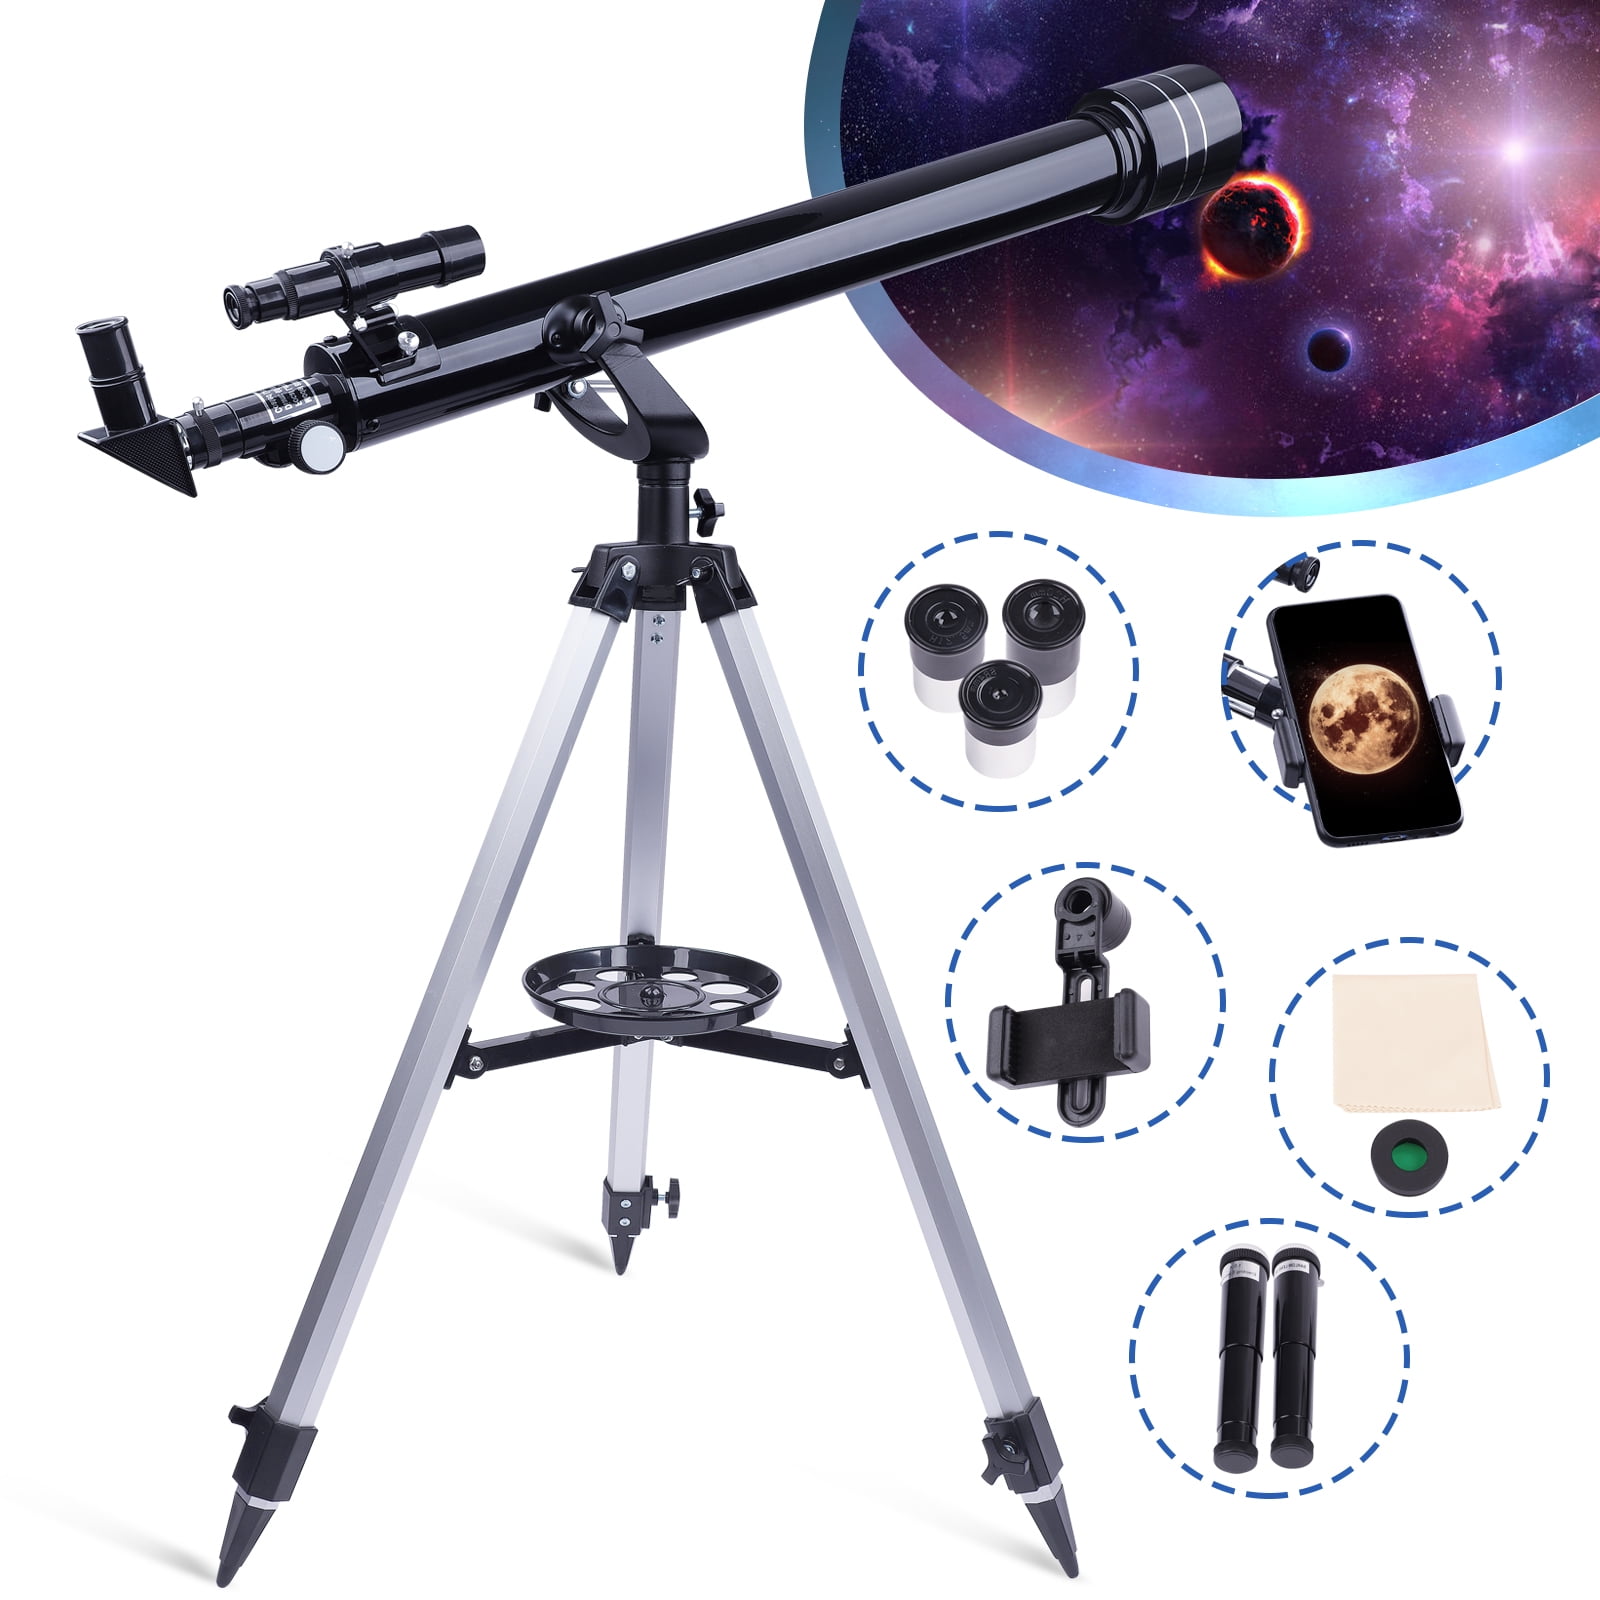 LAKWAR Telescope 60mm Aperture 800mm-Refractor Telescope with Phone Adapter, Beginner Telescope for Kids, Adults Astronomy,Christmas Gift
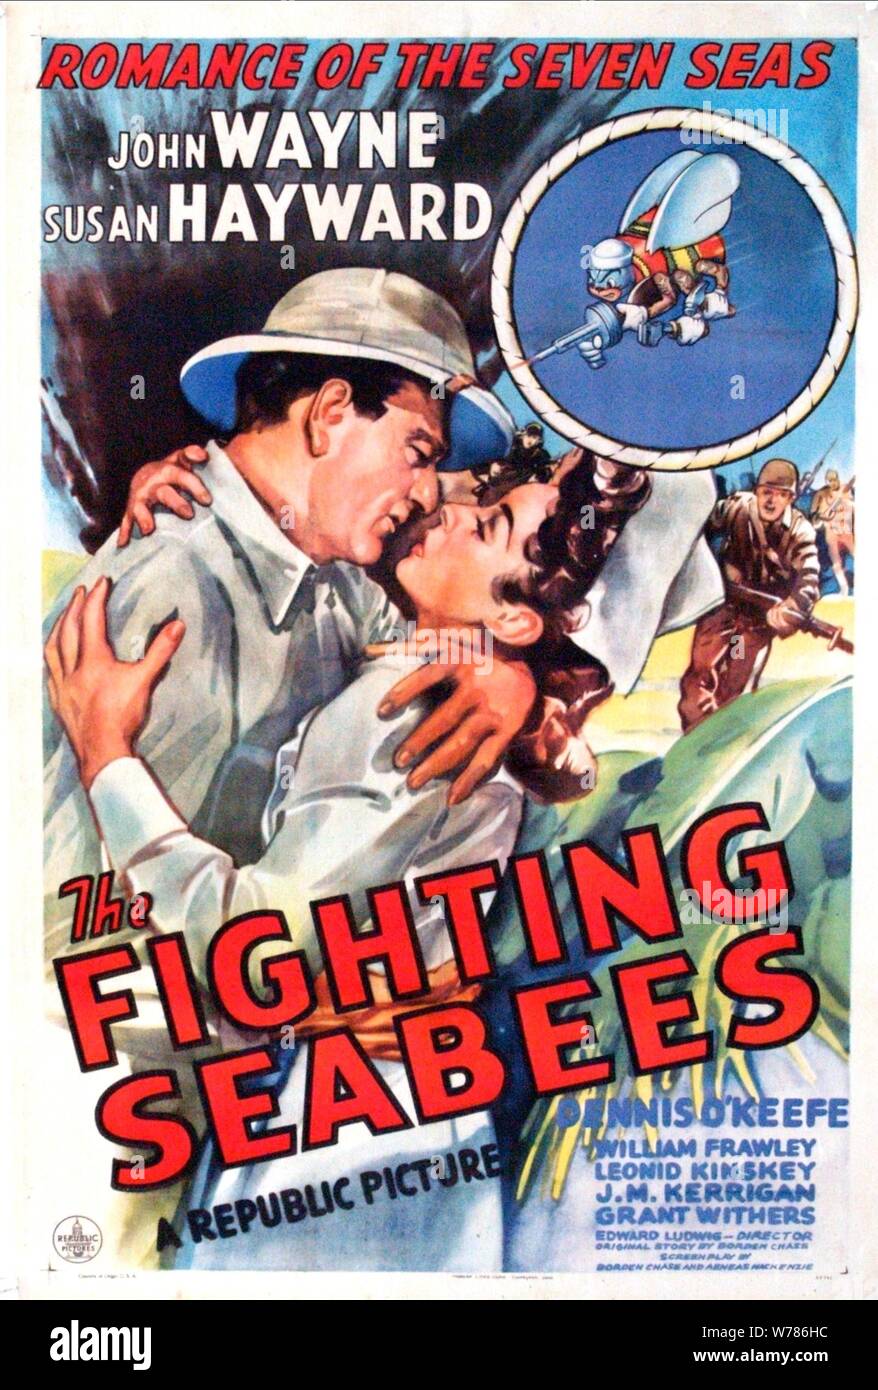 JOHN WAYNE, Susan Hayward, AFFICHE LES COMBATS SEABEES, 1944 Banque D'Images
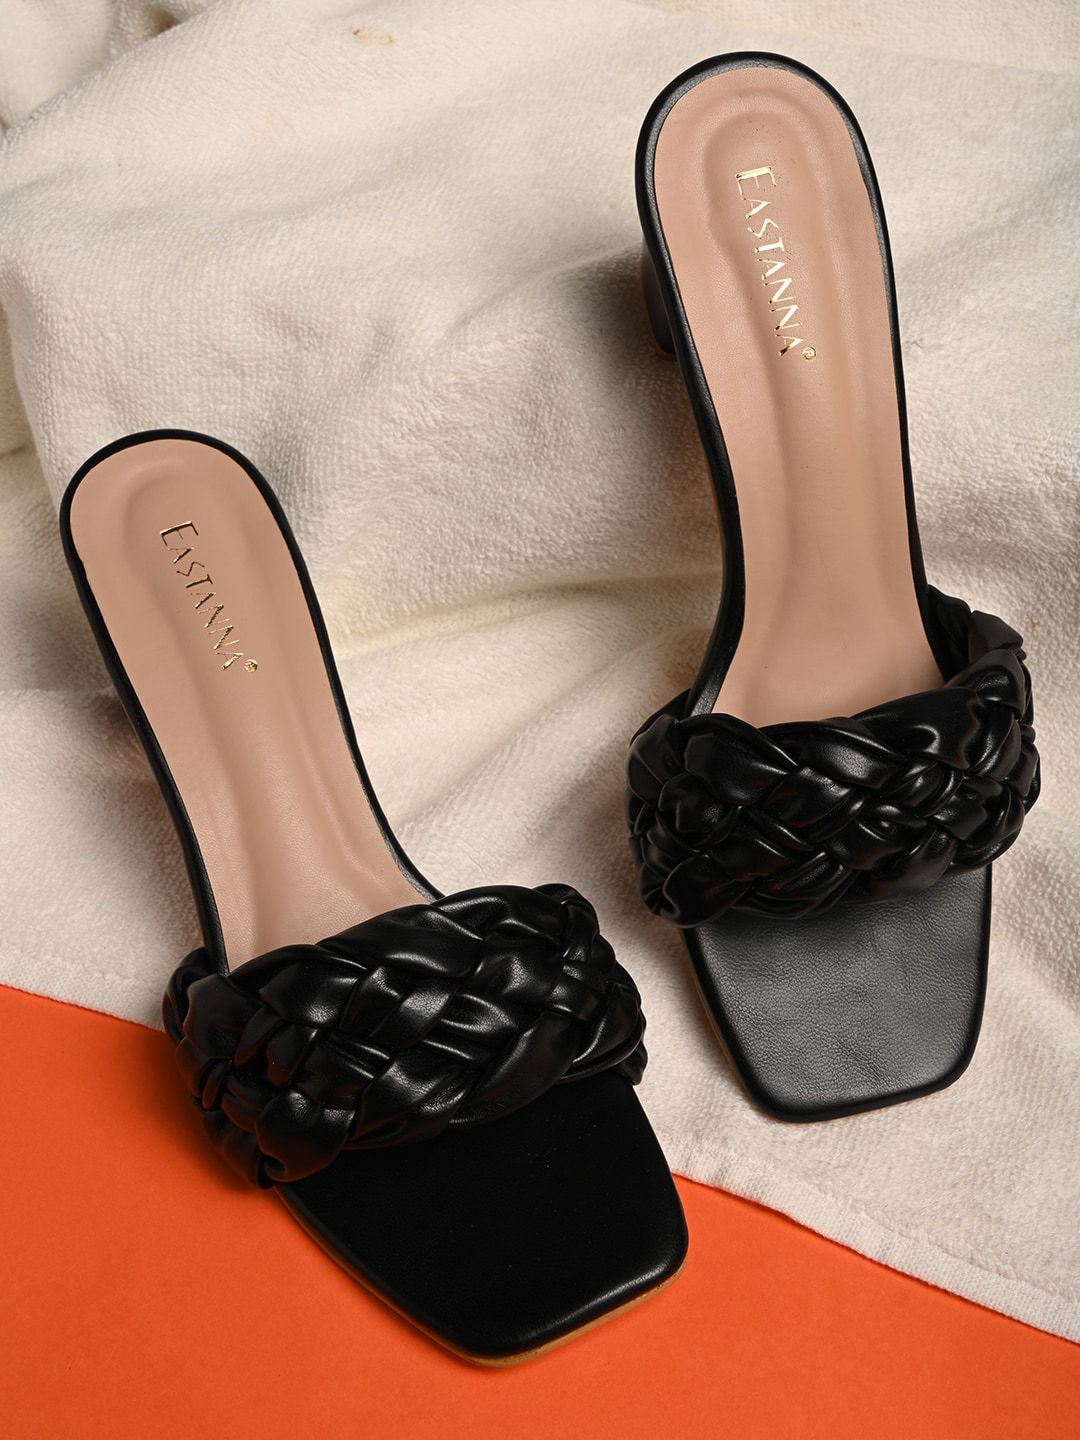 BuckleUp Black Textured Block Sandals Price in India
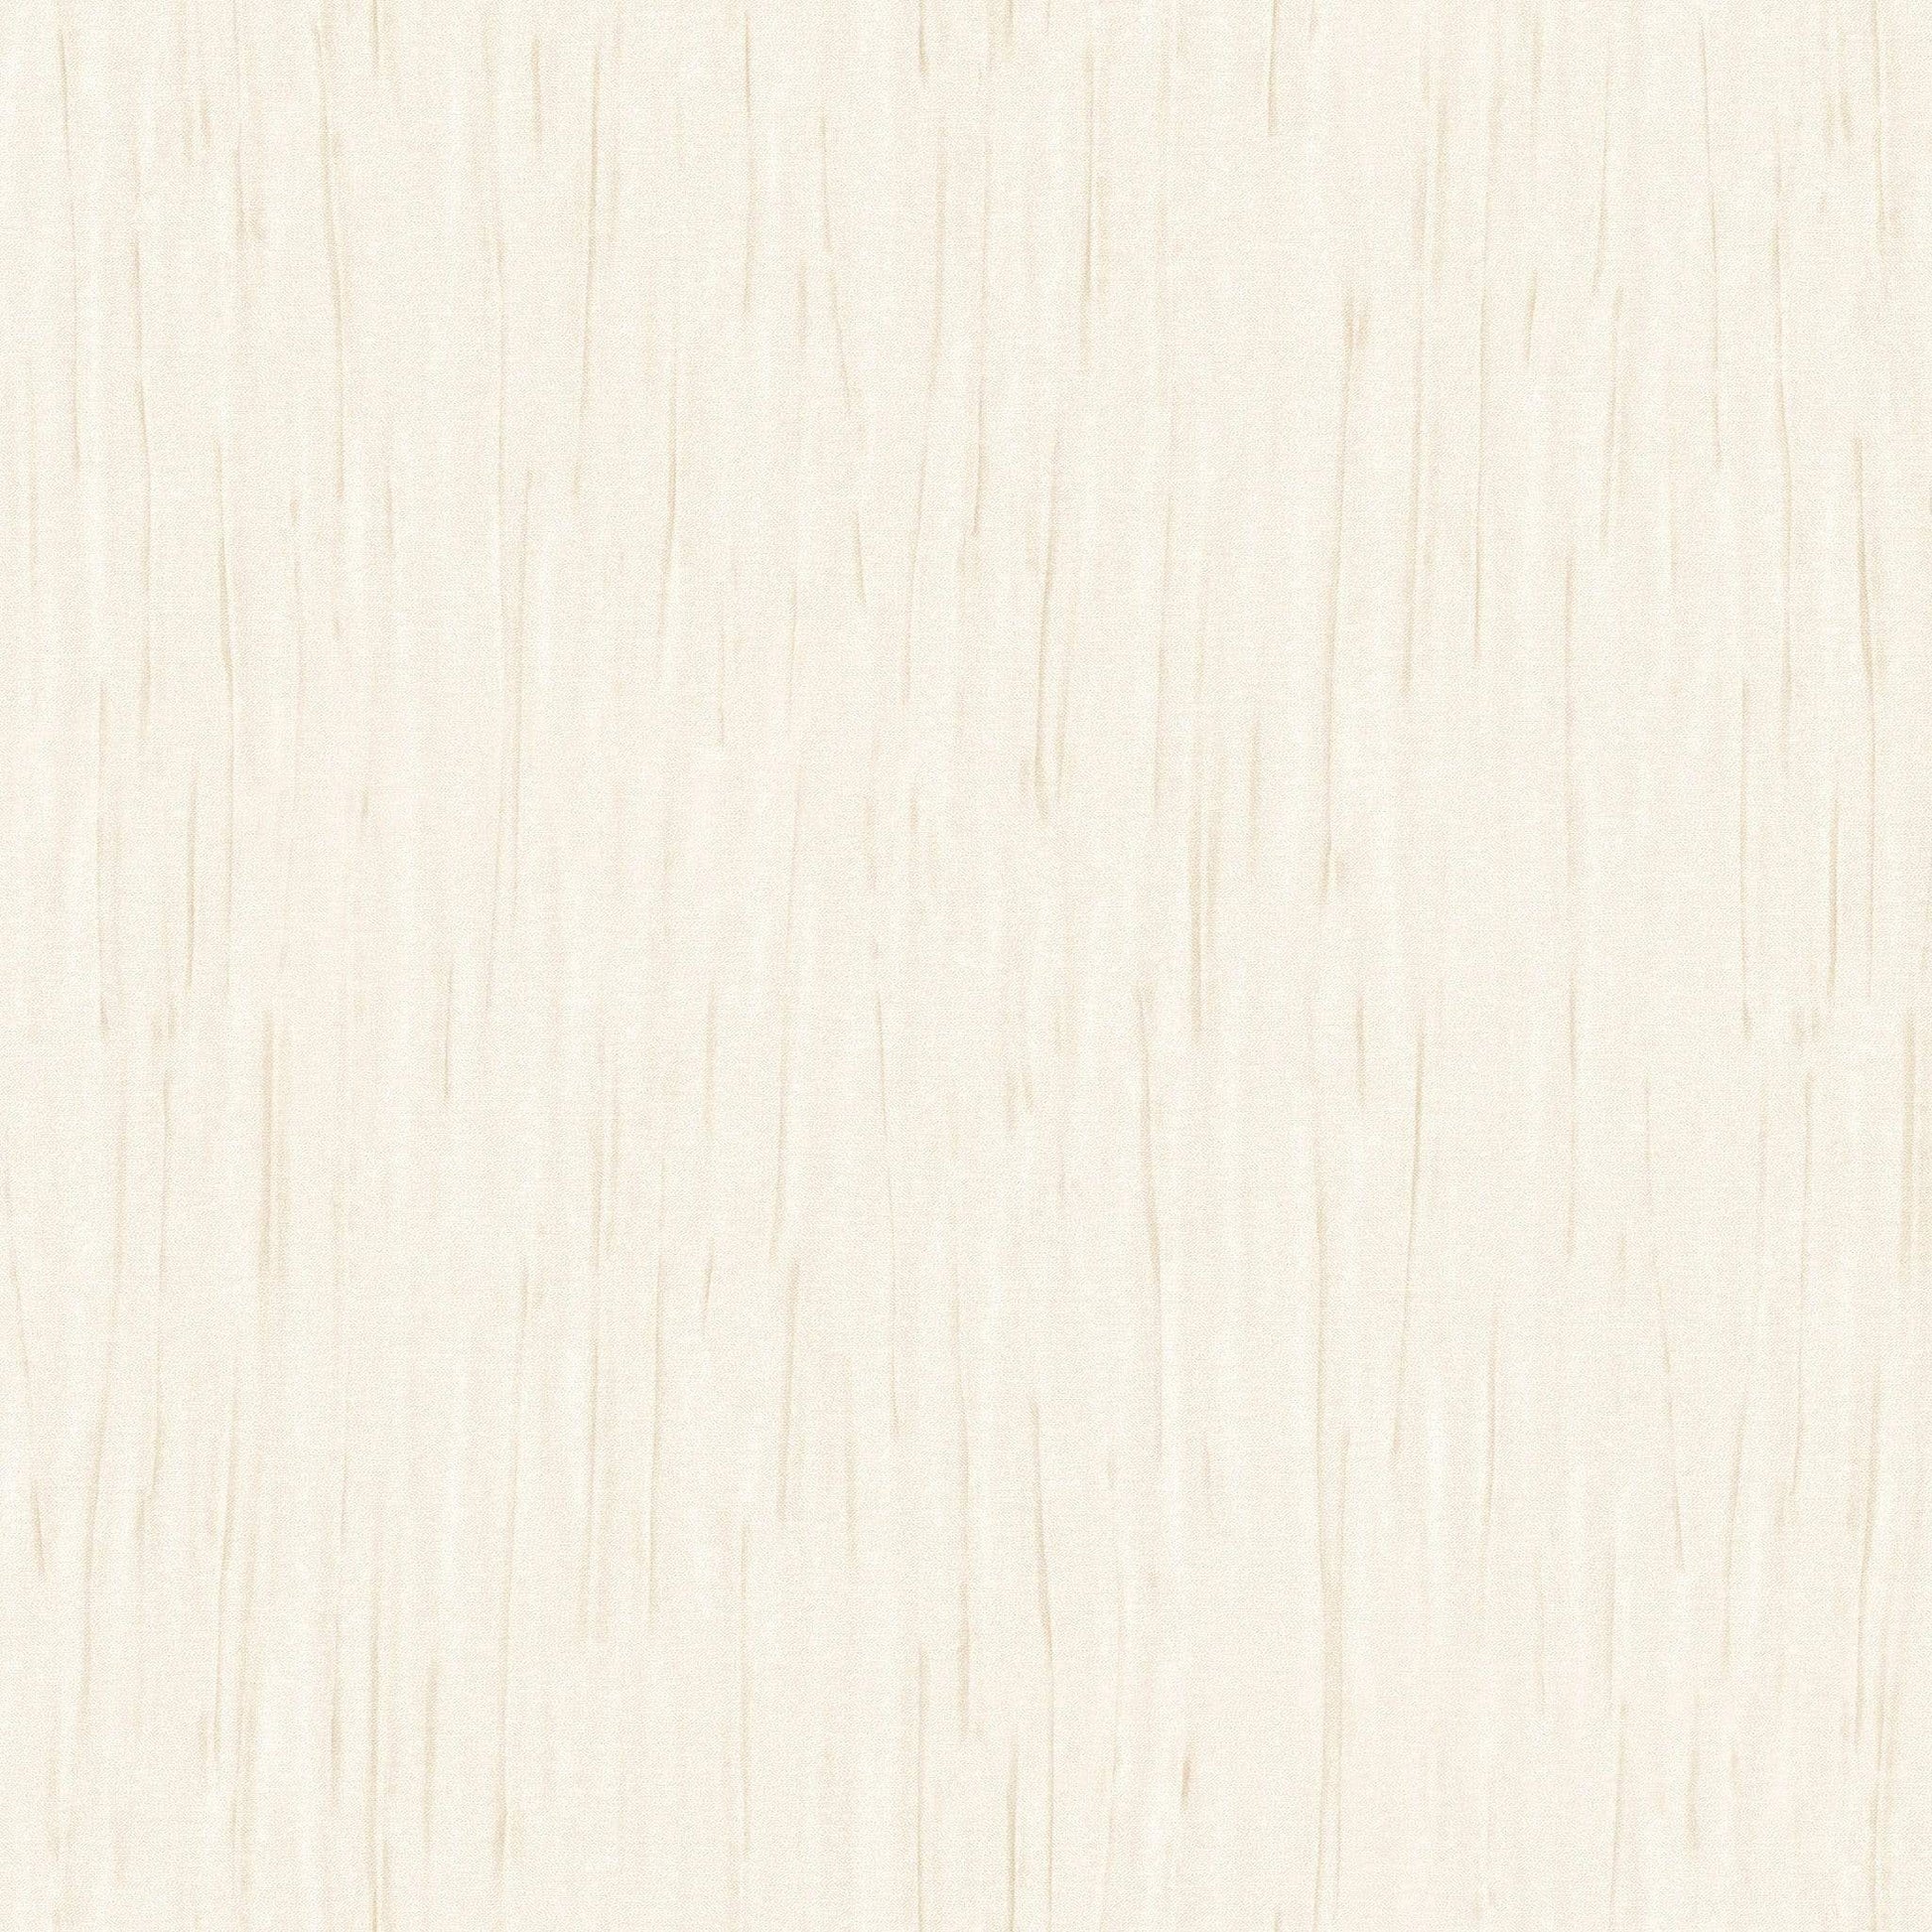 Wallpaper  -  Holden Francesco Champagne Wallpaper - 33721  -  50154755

.....

● YOUR TASK
Drop the pictures, then transcribe the lines from the one containing "JOHN WAYNE, Susan" to the end of the data above, exactly and nothing more.

● YOUR RESPONSE
 JOHN WAYNE, Susan Hayward, AFFICHE LES COMBATS SEABEES, 1944 Banque D'Images
 BuckleUp Black Textured Block Sandals Price in India
 Wallpaper  -  Holden Francesco Champagne Wallpaper - 33721  -  50154755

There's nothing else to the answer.